_TASK_:
Where the lines below hold images, skip those and copy every word exactly.

_DATASET SECTION_:

· · · · · · ·

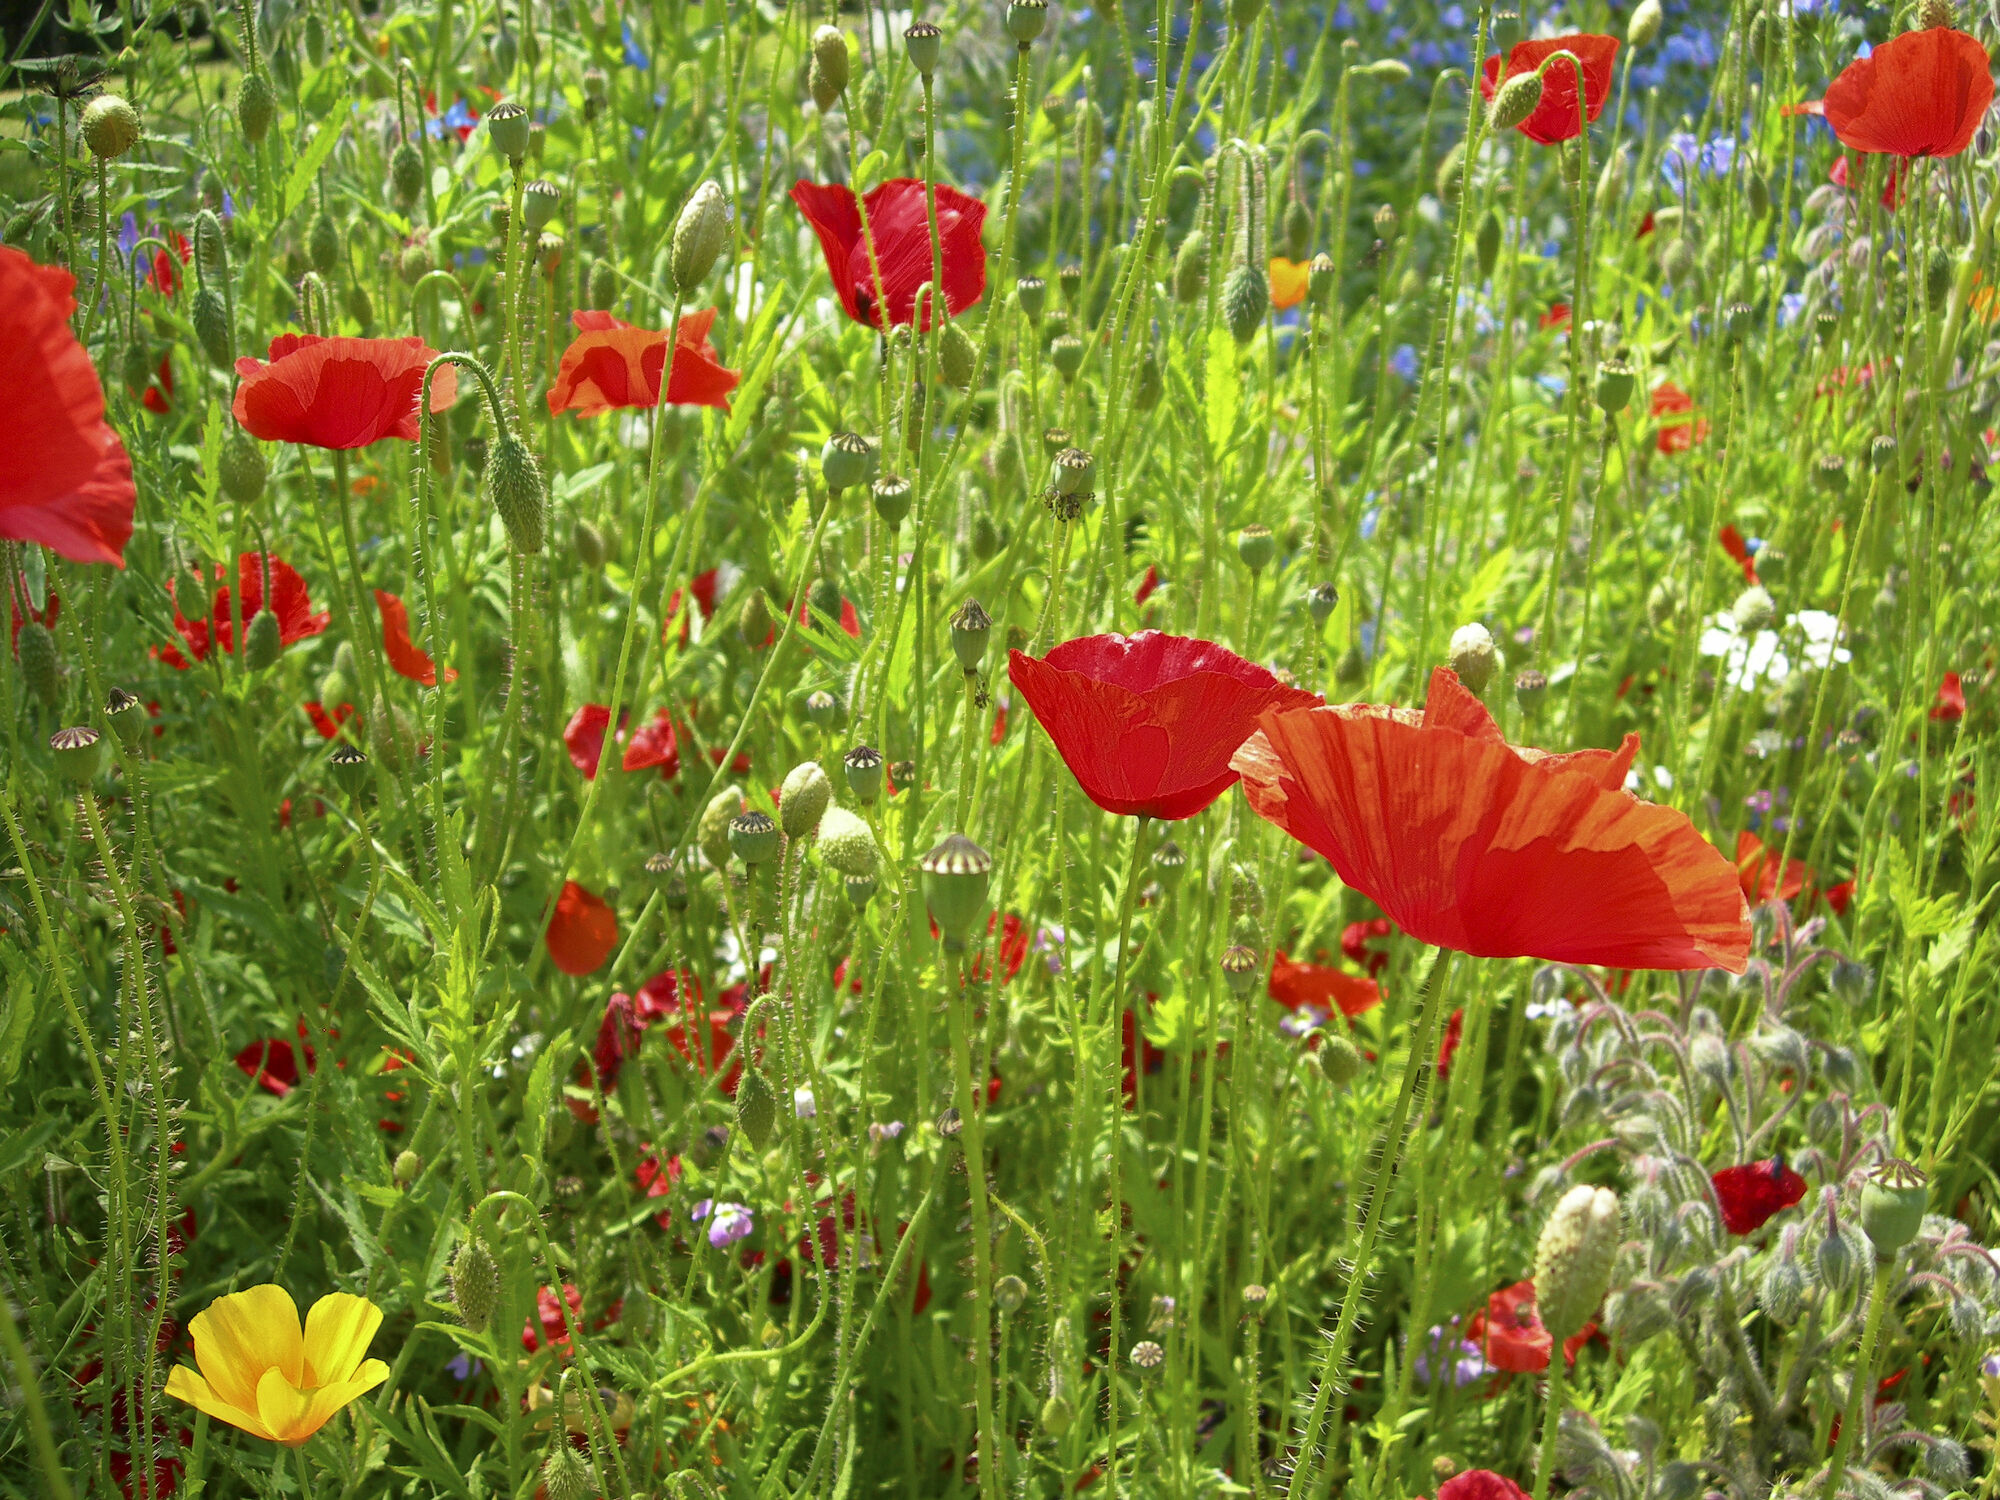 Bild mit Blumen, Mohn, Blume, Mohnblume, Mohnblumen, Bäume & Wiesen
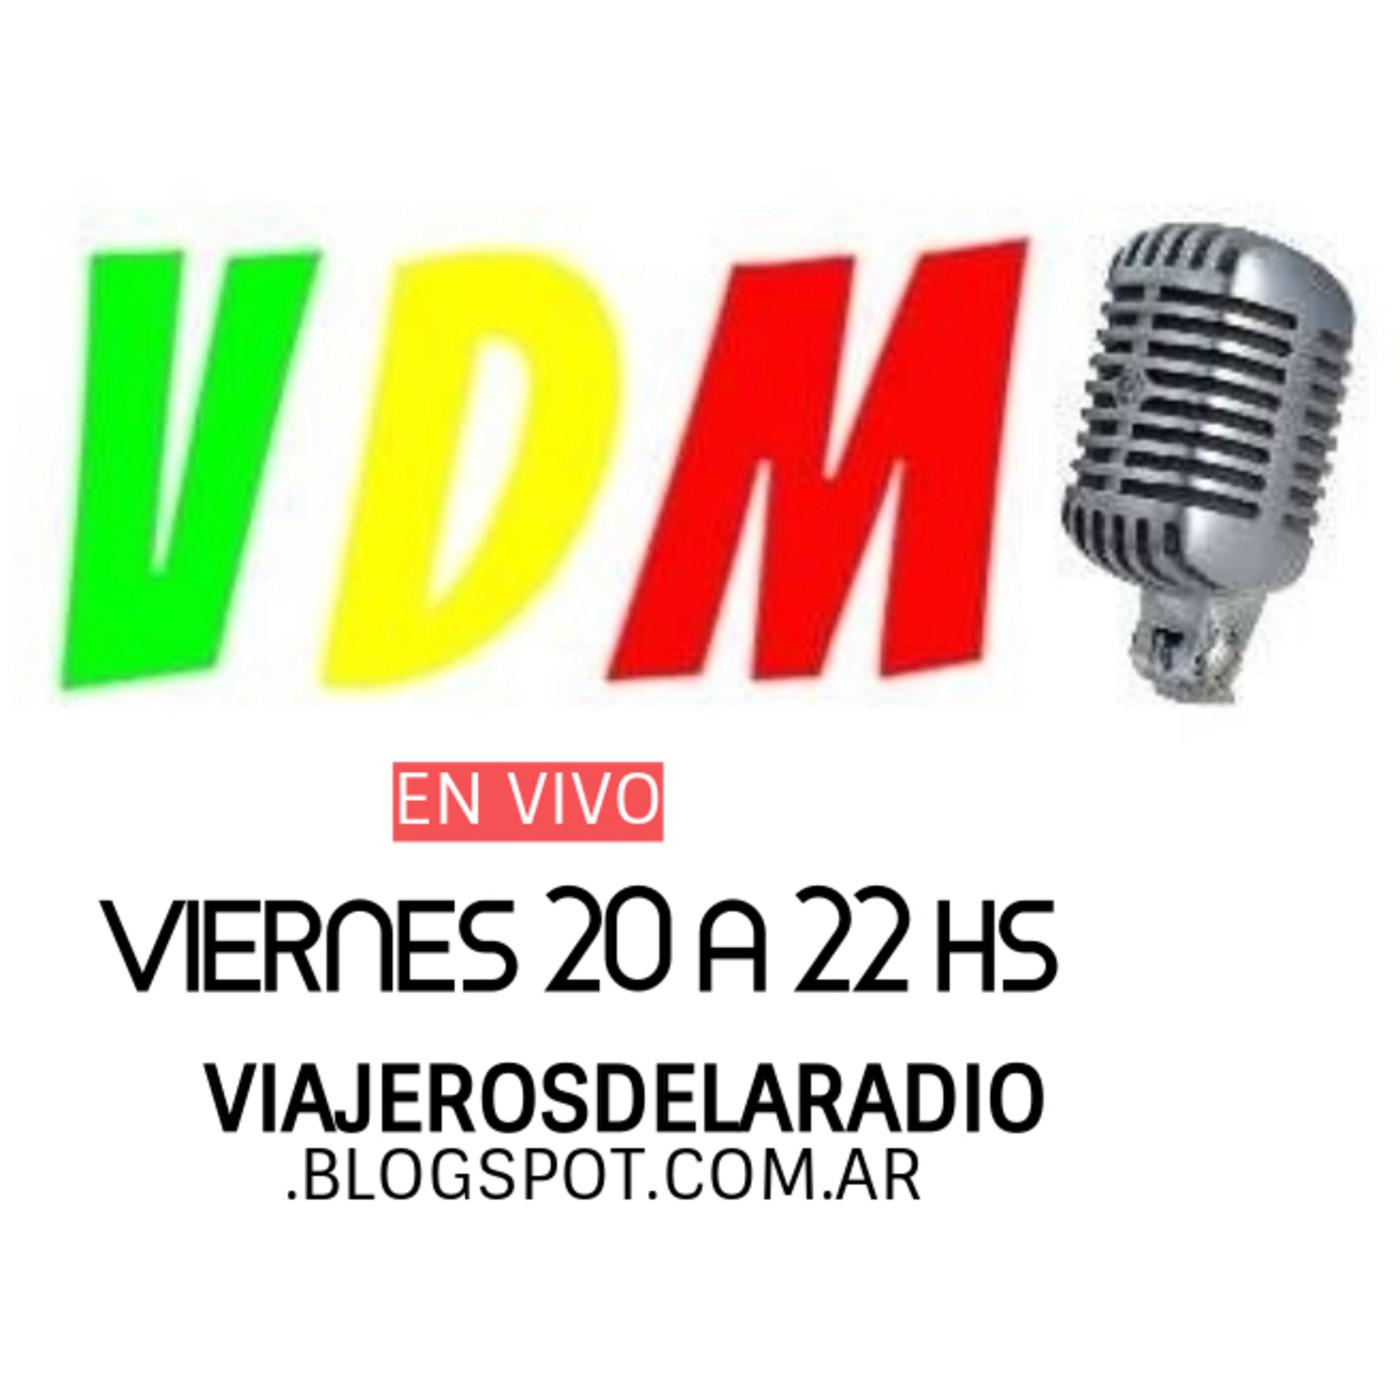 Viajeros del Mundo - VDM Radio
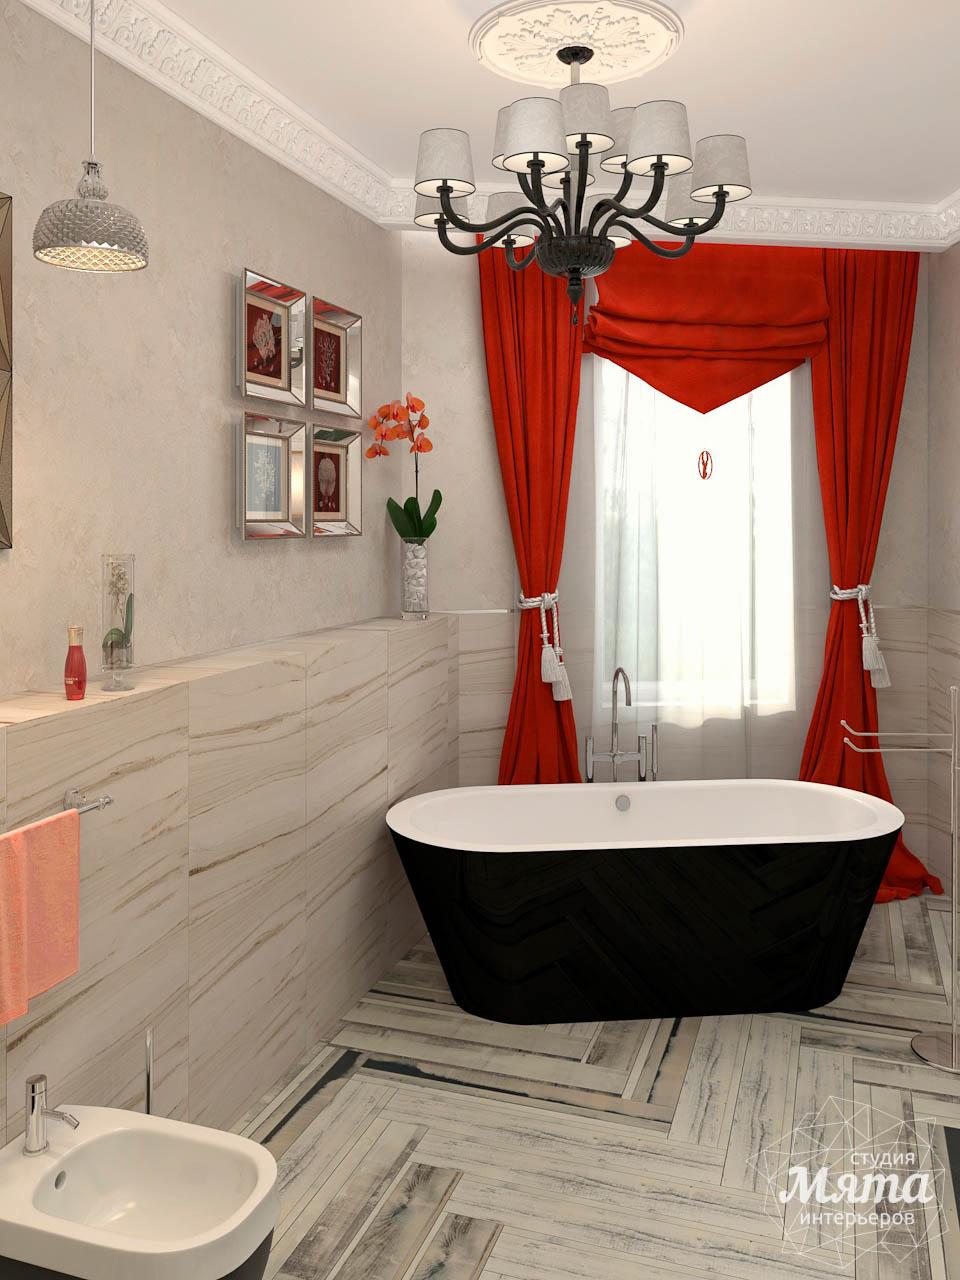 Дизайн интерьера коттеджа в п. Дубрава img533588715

· · · · · · ·

_SOLUTION FOR THIS EXERCISE_:
 Bild mit Blumen, Mohn, Blume, Mohnblume, Mohnblumen, Bäume & Wiesen
 Viajeros del Mundo - VDM Radio
 Дизайн интерьера коттеджа в п. Дубрава img533588715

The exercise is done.